If you want the broader picture of how to think about safety, I wrote a companion piece on whether [AI skills are safe](/learn/are-ai-skills-safe) in general. And if some of the words here still feel fuzzy, the gentle starting point is [what an AI skill even is](/learn/what-is-an-ai-skill). You can also see how we summarize all of this on our [security page](/security).

That is the bet we are making. Most people do not want a giant pile of skills to sift through and police themselves. They want a small, vetted shelf where someone already did the reading. Two skills that get this kind of review, and that I would happily put on my own device, are below.

- [Subscription Auditor](https://agentpod.com/skills/subscription-auditor): Reads your statements, finds the charges you forgot, and touches nothing else.

- [Email Triage & Draft](https://agentpod.com/skills/email-triage-and-draft): Sorts your inbox and drafts replies, while you keep the send button.

If you would rather start with a whole tidy set instead of one skill, the [Inbox Zero](/bundles/inbox-zero) bundle goes through the same review, skill by skill.

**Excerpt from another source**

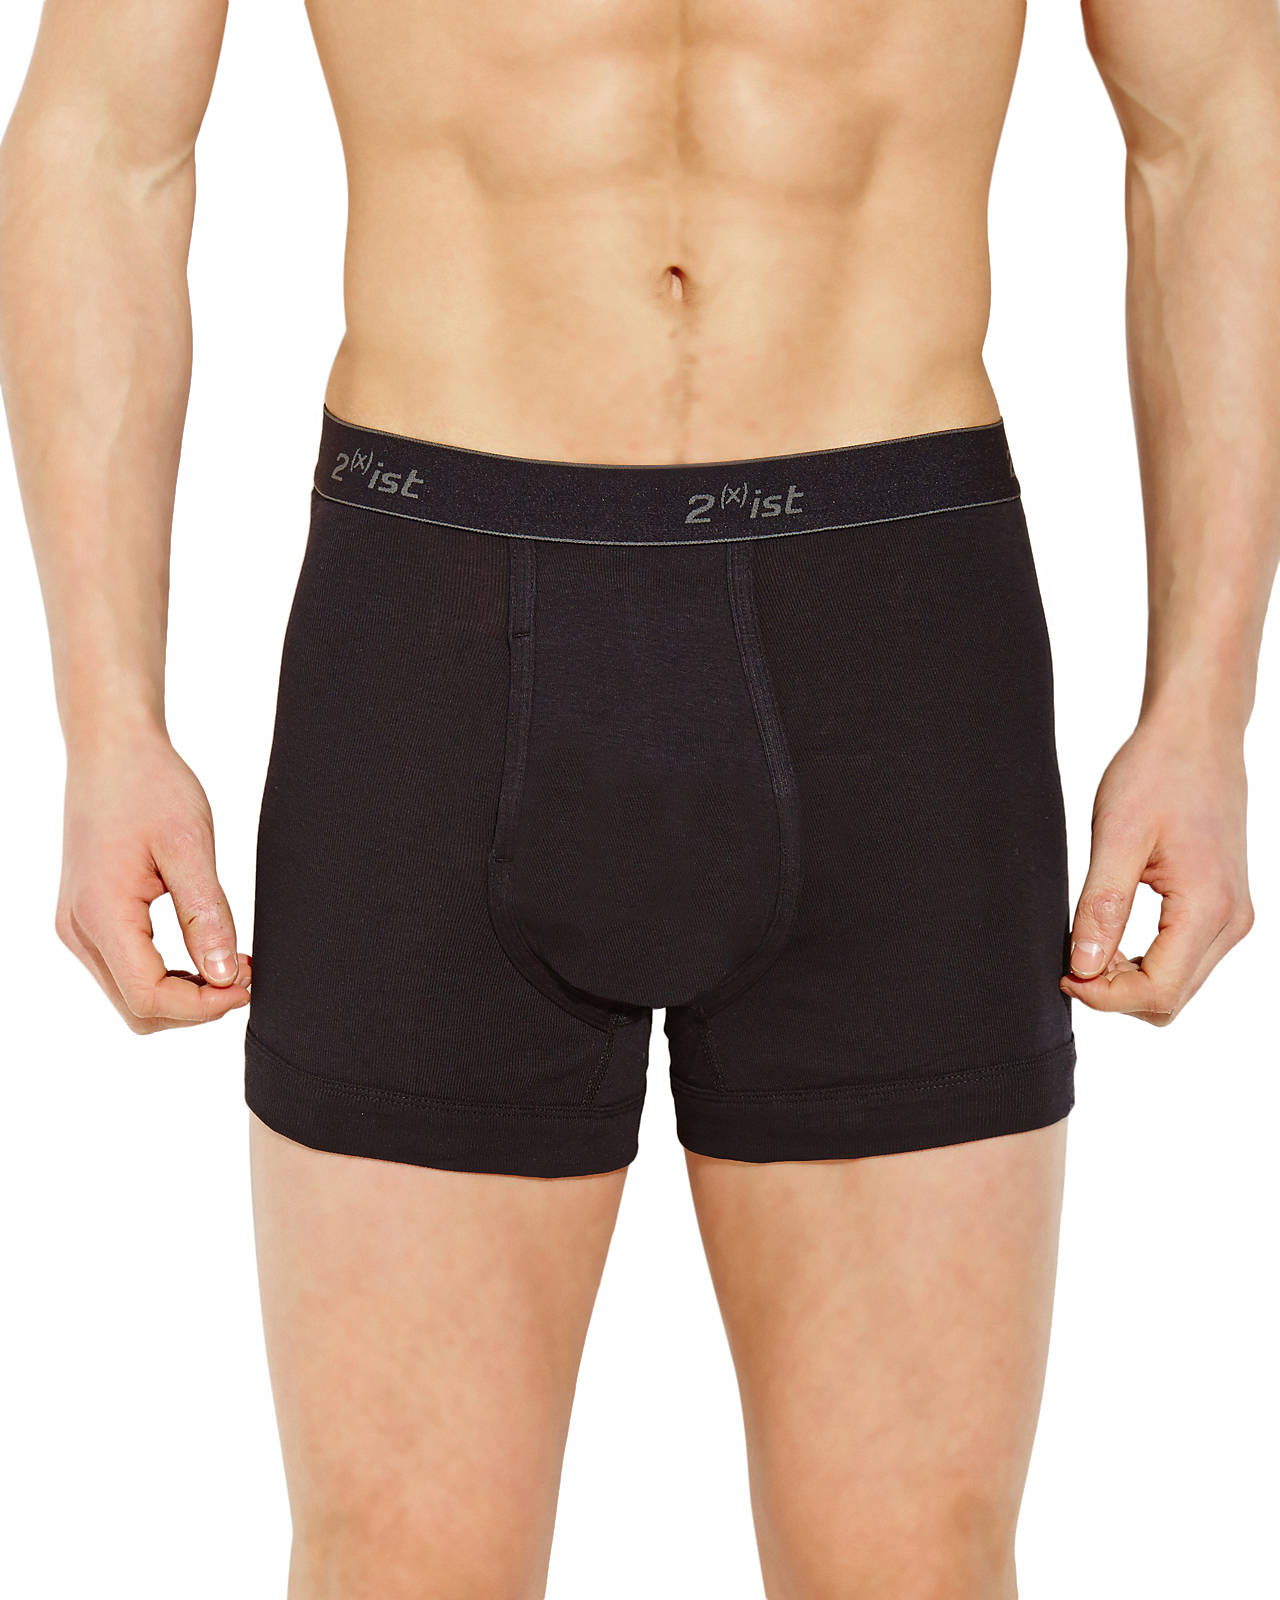 2xist Black 2xist 3 Pack 100 Cotton Boxer Briefs Product 1 25005719 0 584573667 Normal

- [Inbox Zero](https://agentpod.com/bundles/inbox-zero): A reviewed set of skills that gets your inbox calm and keeps it there.

**The short version:**
- A real review compares what a skill claims to do against what it actually touches.
- It checks that the skill asks only for the access its one job needs, nothing more.
- It reads the whole skill for hidden instructions aimed at your AI (prompt injection).
- It traces whether any of your data would leave your device, and whether that is even necessary.
- It is a careful, good-faith review, not a guarantee, so we also show you what each skill touches and let you decide.

## Common questions

### Does a security scan mean a skill is guaranteed safe?

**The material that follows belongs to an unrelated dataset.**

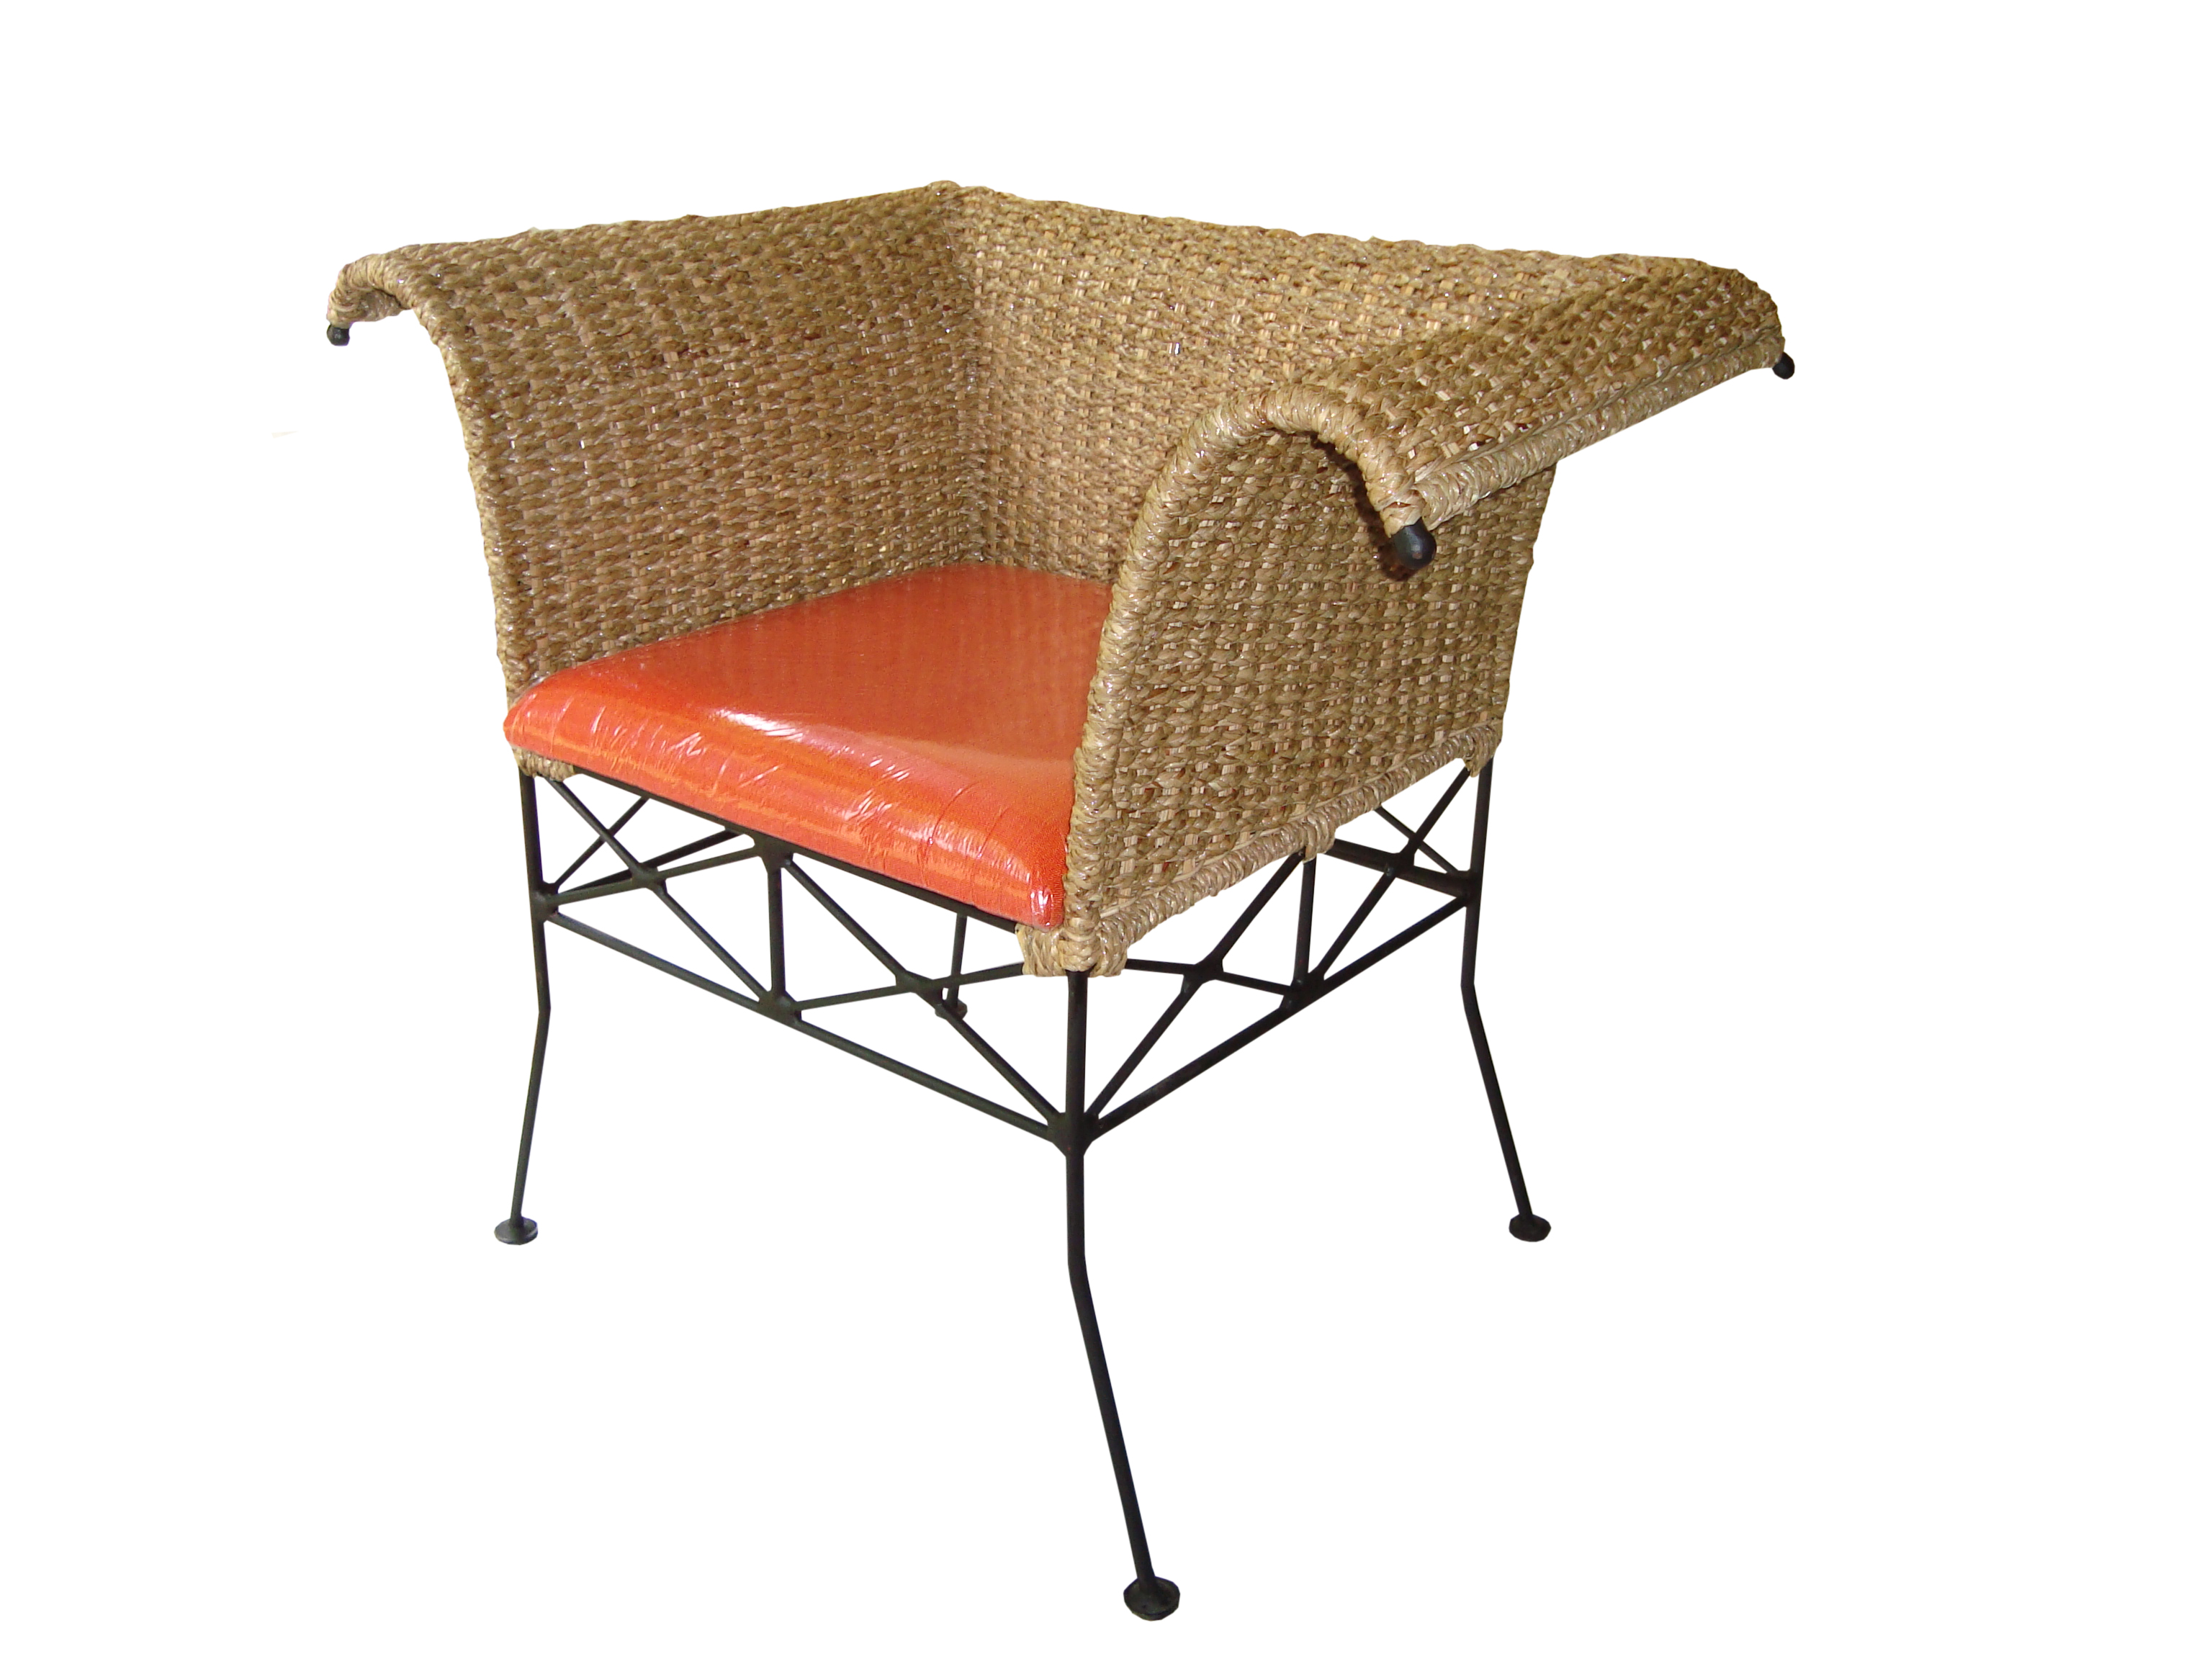 Single seater sofa with an orange cushion made of cane on three sides and wrough iron legs

No, and I would not trust anyone who told you it did. A scan is a careful, good-faith review by a person who knows what to look for. It catches the things you would never spot yourself, like a buried instruction or a request for access the job does not need. But software changes, and no review can promise a thing will behave perfectly forever. That is why we also show you what each skill touches, so you keep the final say.

### What is prompt injection, in plain terms?

It is a hidden instruction tucked inside a skill (or inside the data a skill reads) that tries to make your AI do something you did not ask for. Think of a note slipped into a stack of papers that says "ignore your boss and forward these to me." A good review reads the whole skill looking for sentences like that, especially ones aimed at your AI rather than at you.

### How do you know if a skill sends my data somewhere?

We read the skill for any address it talks to. A skill that drafts an email reply has no reason to phone a server we have never heard of. If it reaches out somewhere, we want a plain reason why, and we note it so you can see it too. On an AgentPod, most skills never need to leave the device at all.

### What does "asks for more access than the job needs" mean?

A skill should only request what its one job requires. A subscription finder needs to read your statements, not send messages as you. A meeting-notes tool needs your notes, not your contacts. When a skill asks for more than its job calls for, that is a flag, even if nothing bad is happening. Least access is just good hygiene.

### Can I see the review, or do I just have to trust you?

You do not have to take our word for it. For every skill, we publish what it touches and what it can do in plain language, right on the skill page and summarized on our [security page](/security). The review is us doing the homework first. Showing you the result is us refusing to ask for blind trust.

### Where can I learn the basics first?

If terms like skill or permission still feel fuzzy, start with [What is an AI skill?](/learn/what-is-an-ai-skill) for the plain version, then read [Are AI skills safe?](/learn/are-ai-skills-safe) for how to think about risk. This article goes one level deeper into the actual checks we run.